Return rate in voles in relation to the size of within-square population fluctuations. The size of population fluctuations within each square was assessed as maximum fold variation in population density [log10(Nmax/Nmin)]. Bars indicate standard errors.

The importance of our results lies in our quantification of the effects of spatial and temporal heterogeneity on the population dynamics of the four study species. The magnitude of these effects has implications for how we understand and predict population dynamics in reality. The effects of spatial and temporal heterogeneity must be accounted for if we are to have accurate predictive models for use in management and conservation. The size of the temporal effects shown here also has implications for how we evaluate long term temporal change (e.g. through climate change), since where there are large temporal variations, longterm changes will not be discernible quickly.

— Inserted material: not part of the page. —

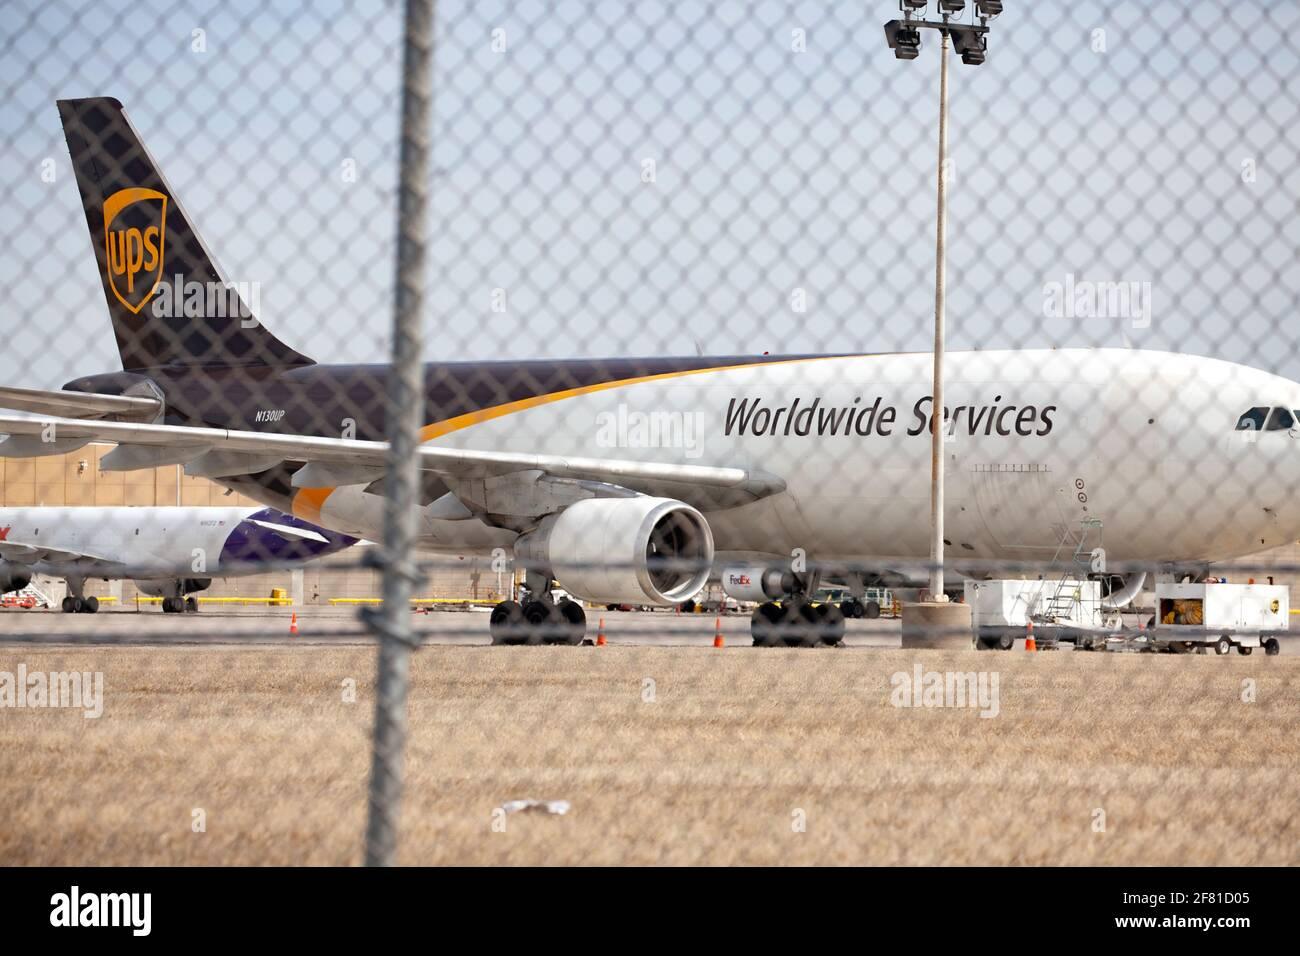 UPS Worldwide Services Airplane parked on apron at the Minneapolis St Paul International Airport. Minneapolis Minnesota MN USA Stock Photo
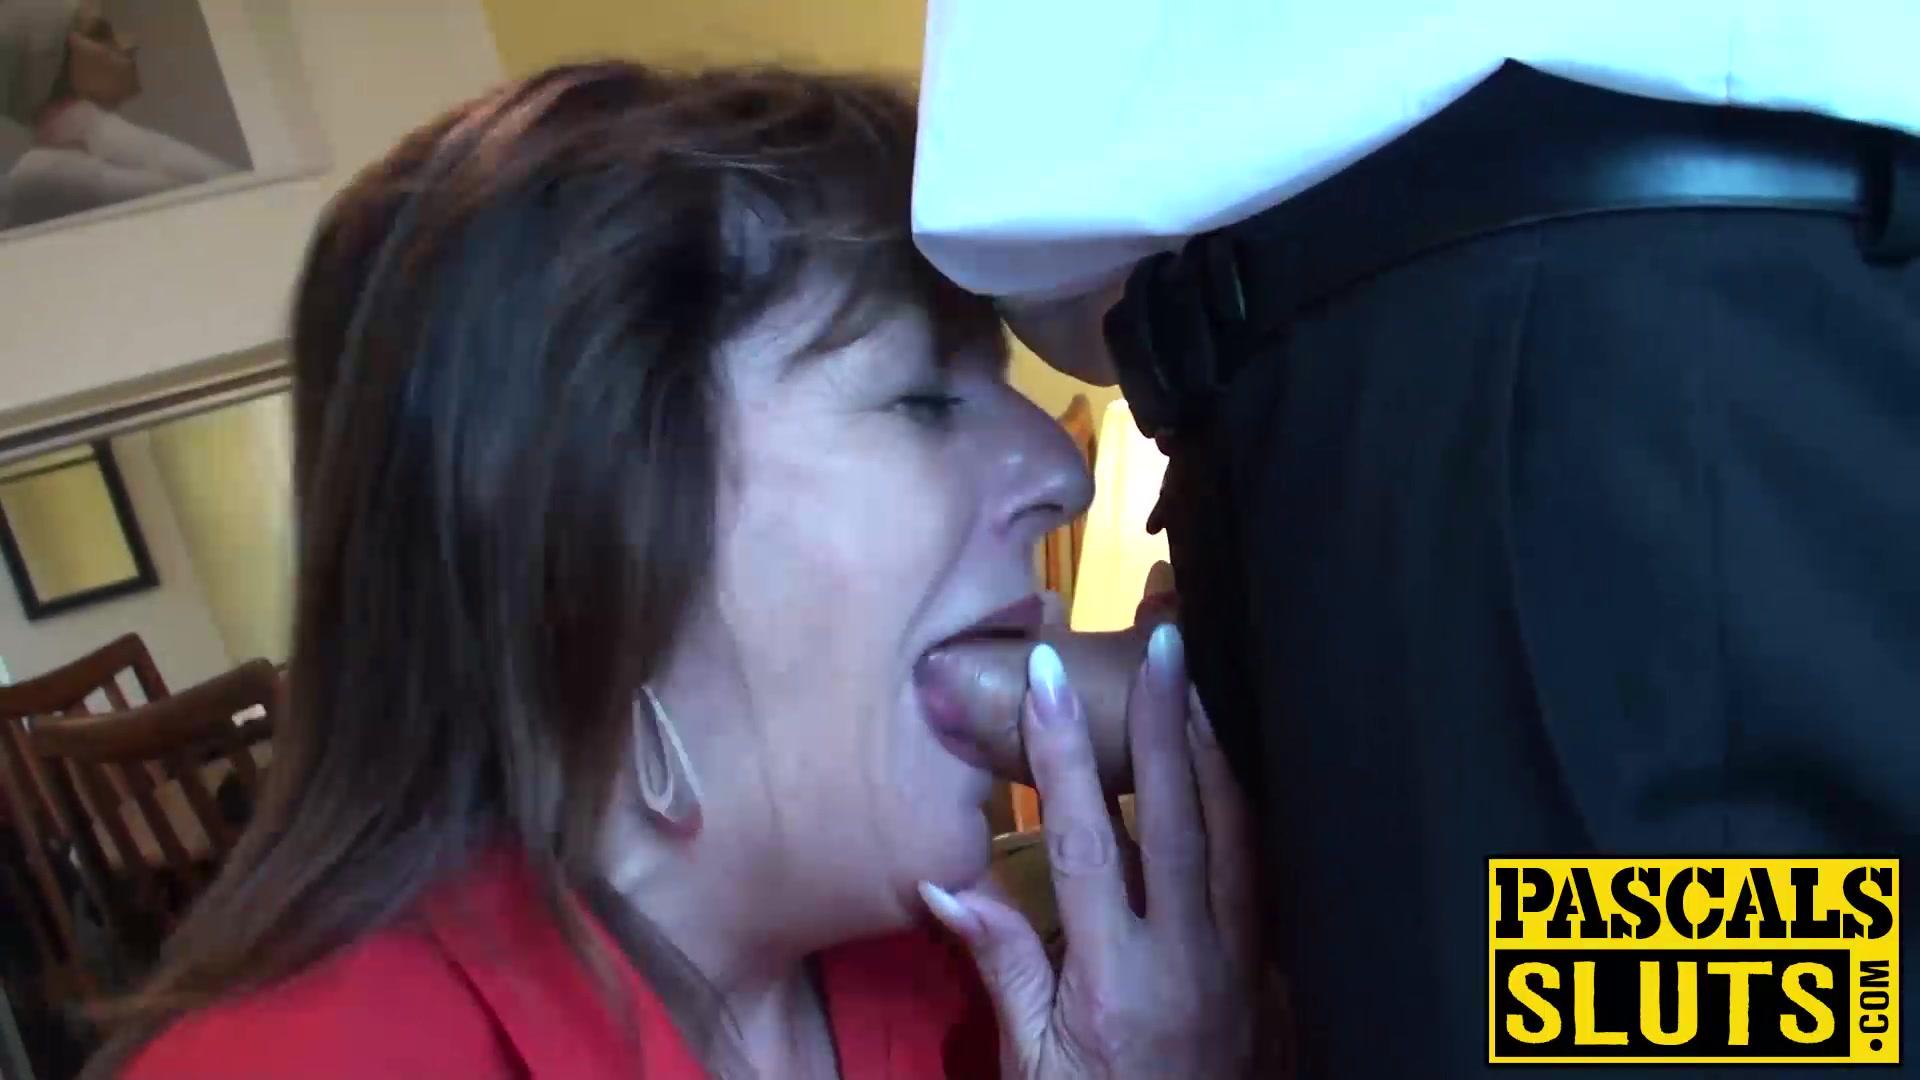 Divorced mature lady pandora enjoys having submissive sex 3

The effects of spatial heterogeneity were here shown by a significant square-density interaction, seen here in the vole (Table 1). Such interaction terms should be included in autoregression analyses of spatially separated populations, where return rate is given by the first autoregressive coefficient [5, 6], but this has not been attempted to our knowledge except in [18]'s study of kangaroos. It is not possible to include all the interaction terms included here in analyses of real spatially separated populations, because there would not be enough degrees of freedom. In our simulations we overcame this by replicating the weather years. Nevertheless the interactions that were most important here could be included, these would be density*year and density*square. Together with the main effects of year and square this would allow analysis of whether both carrying capacities and return rates vary in space and time. This provides a method of answering the question as to whether there is spatial and temporal heterogeneity in the population's dynamics.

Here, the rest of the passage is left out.